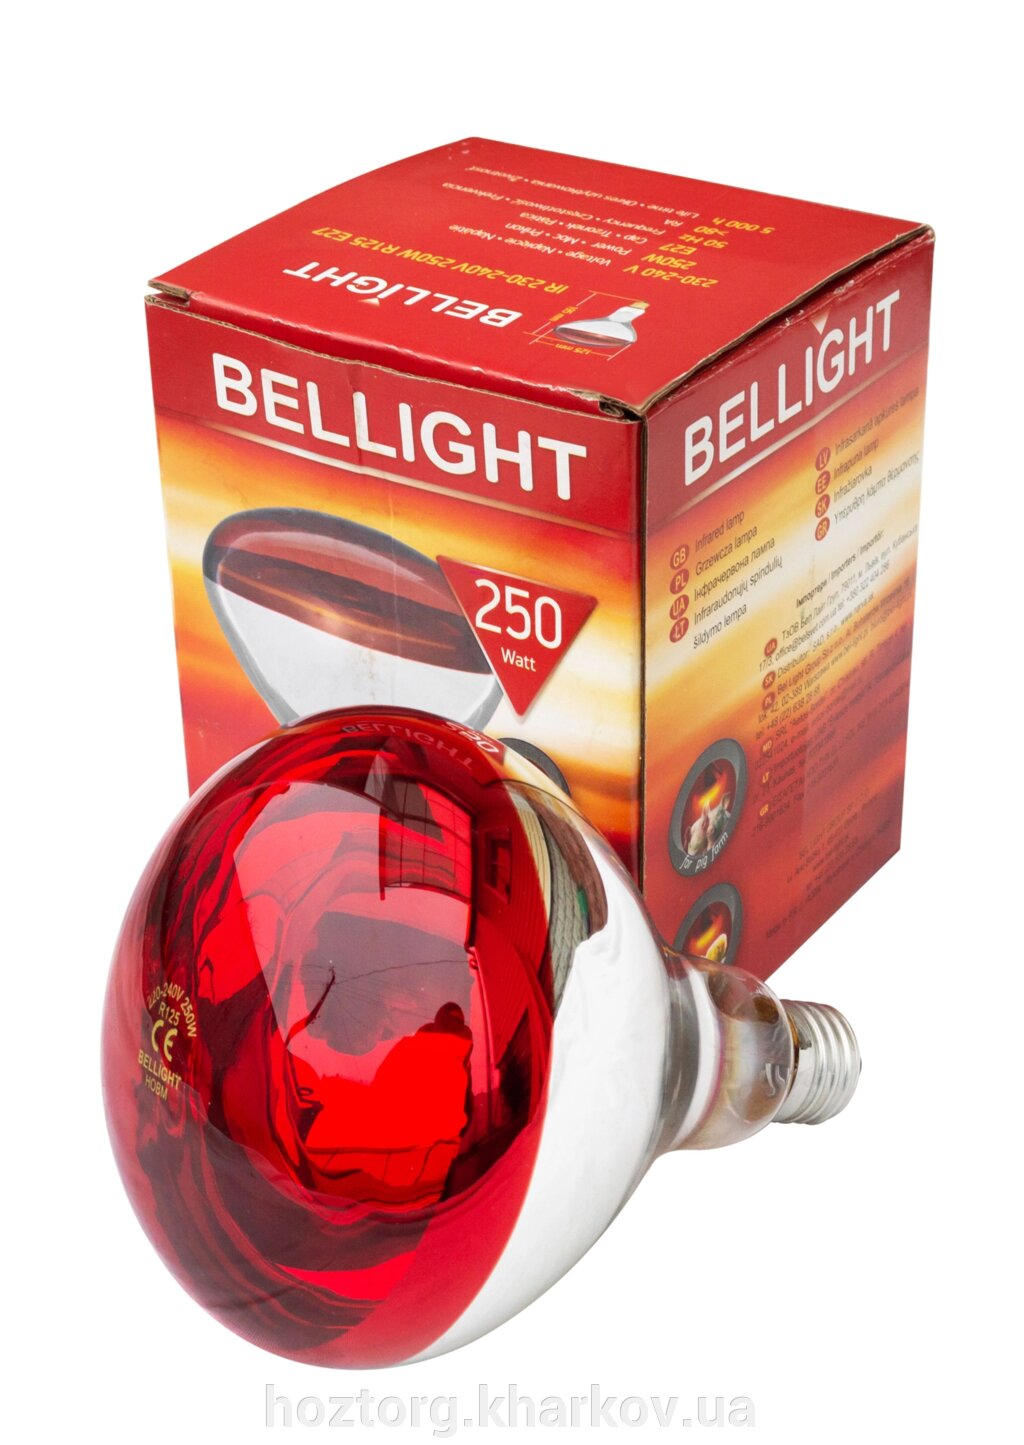 Лампа ІКЗК 250 Вт Е27 в коробочці (Bellight) від компанії Інтернет-магазин Хозторг Харків. Господарські товари оптом - фото 1
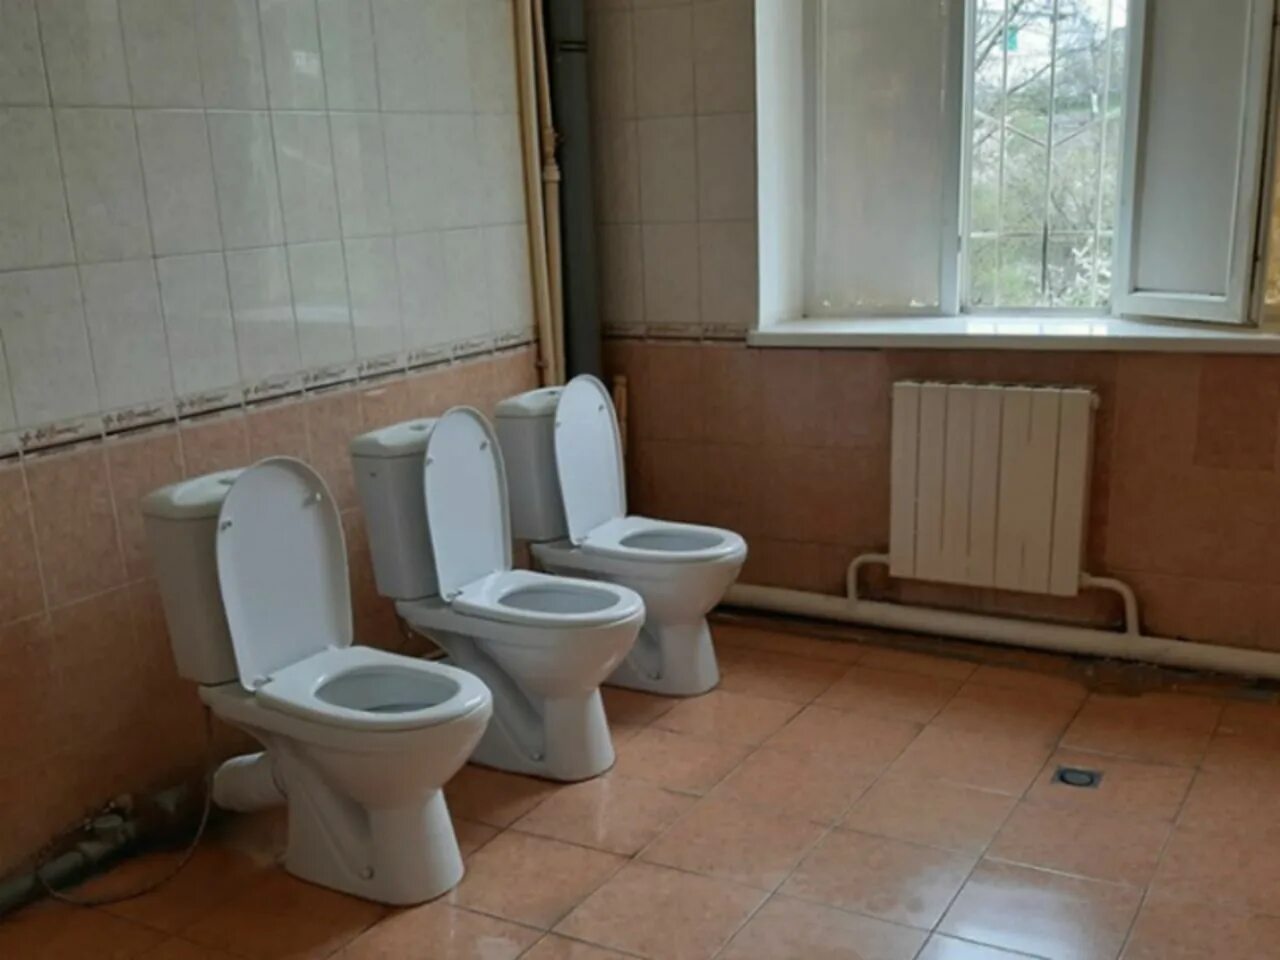 Унитаз в школе. Туалетная комната в школе. Унитазы в школьных учреждениях. Советские унитазы в школе. Мужской туалет в школе
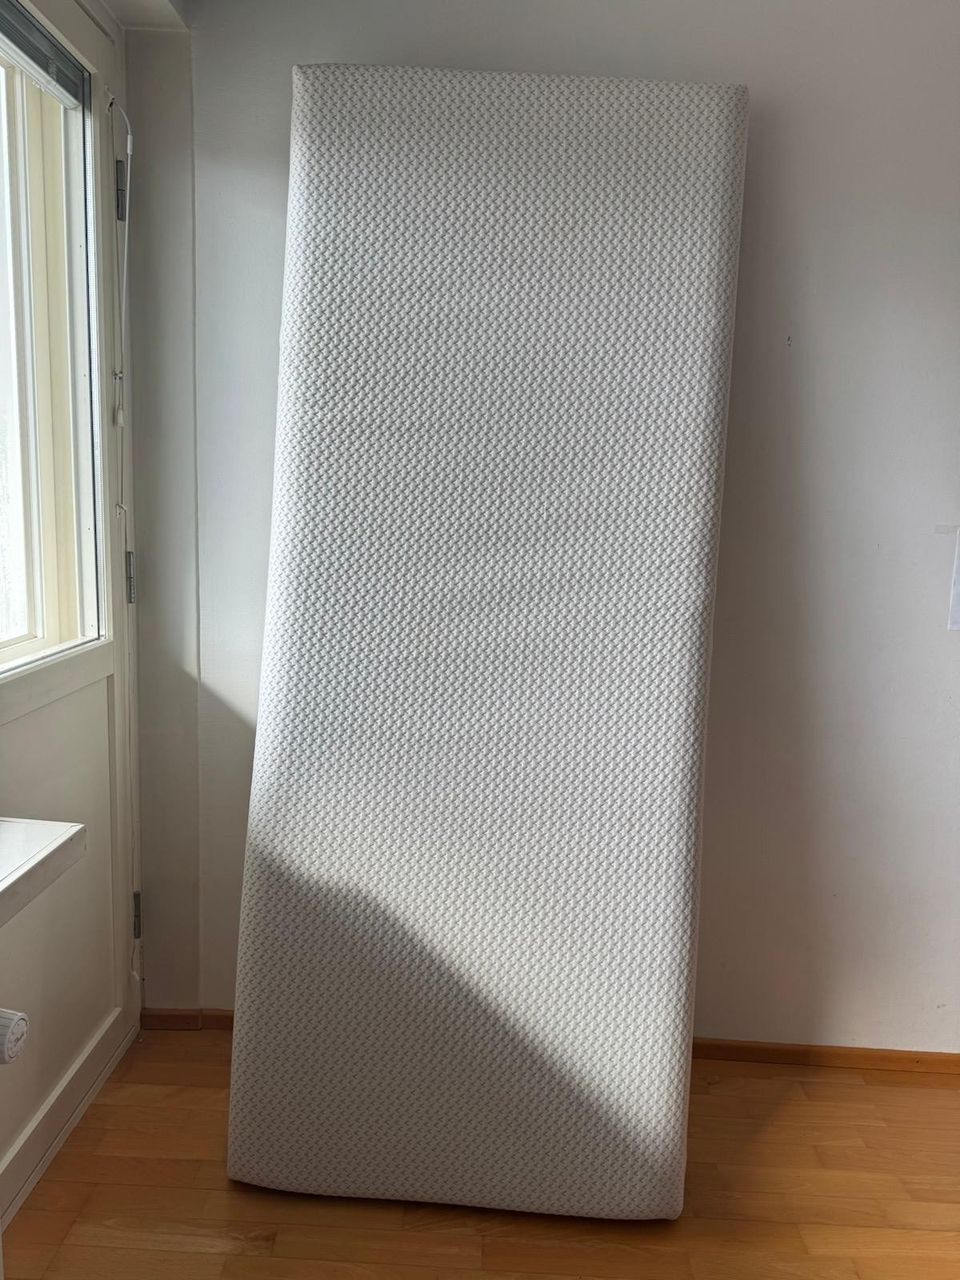 Jysk mattress
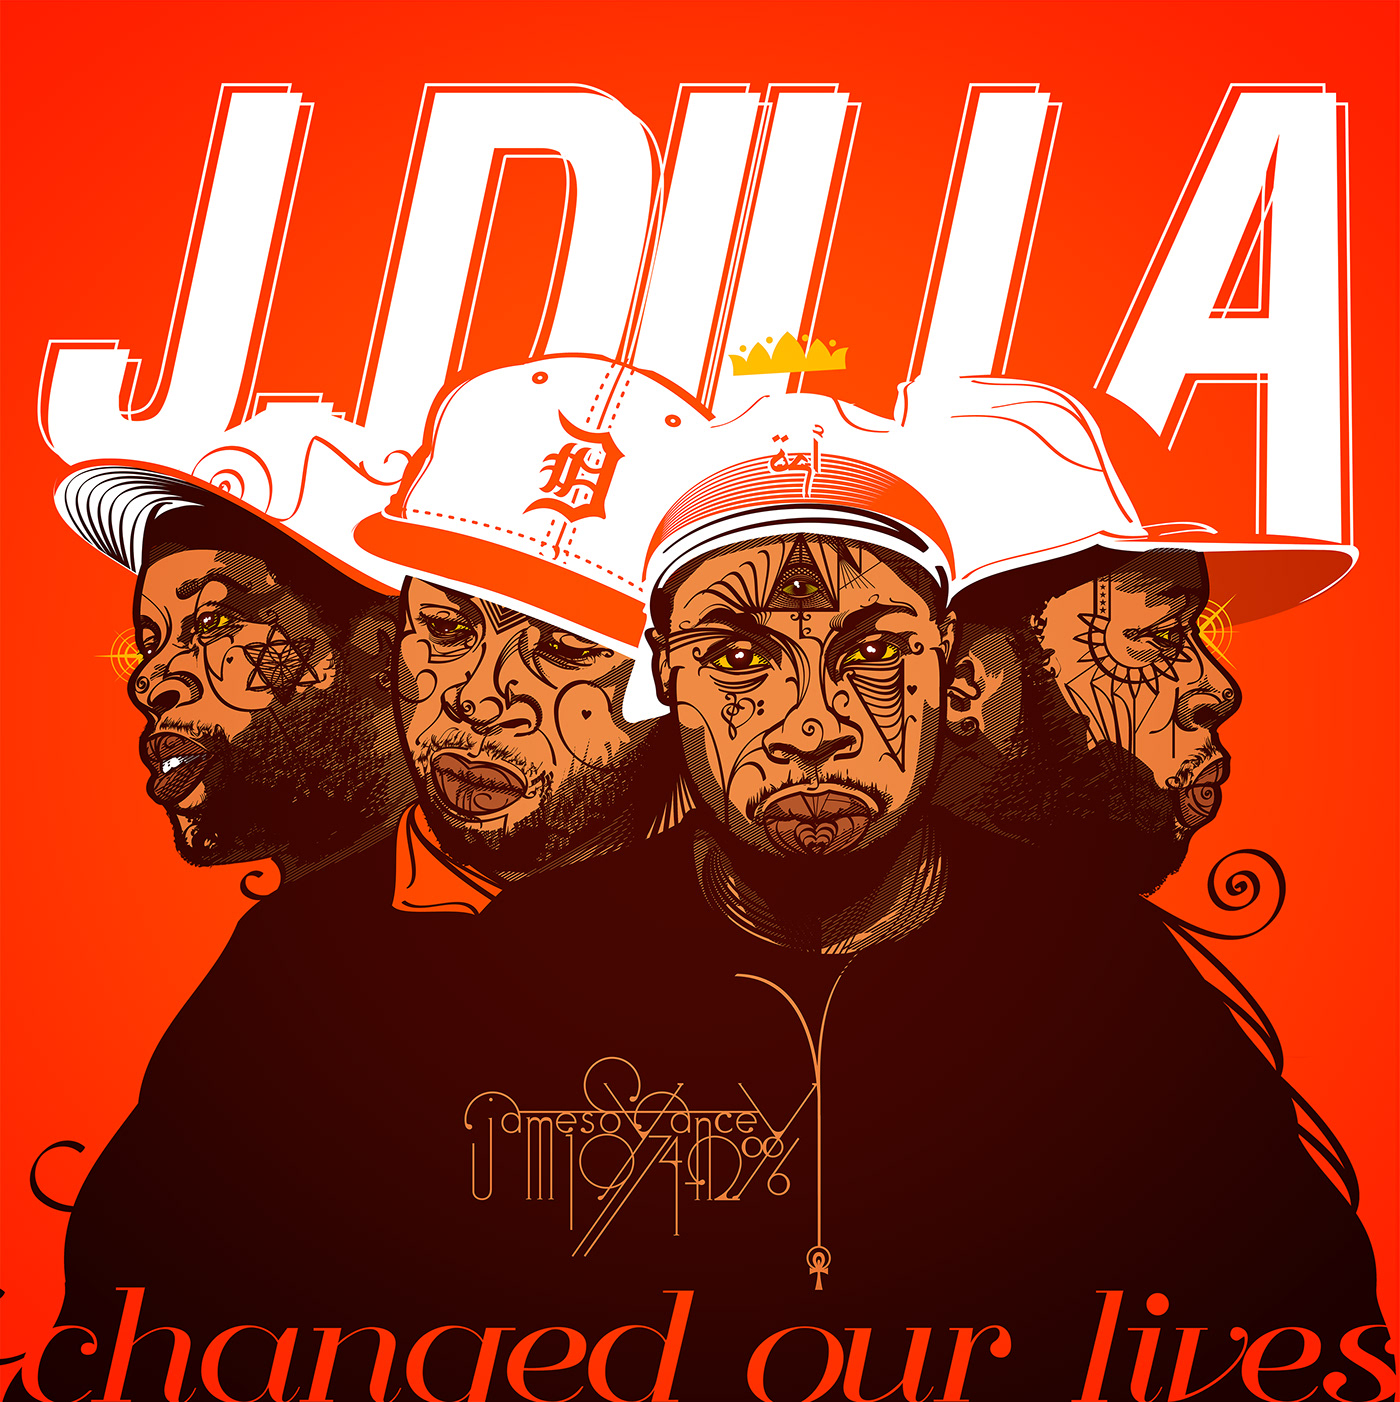 dilla hip hop producer portrait vector Digital Art  music ILLUSTRATION  JDILLA

* **EXERCISE OBJECTIVE**
A verbatim copy of the listing, with all pictures removed, is required.

* **WRITTEN SOLUTION**
 Лампа ІКЗК 250 Вт Е27 в коробочці (Bellight) від компанії Інтернет-магазин Хозторг Харків. Господарські товари оптом - фото 1
 Унитаз в школе. Туалетная комната в школе. Унитазы в школьных учреждениях. Советские унитазы в школе. Мужской туалет в школе
 Jysk mattress
 dilla hip hop producer portrait vector Digital Art  music ILLUSTRATION  JDILLA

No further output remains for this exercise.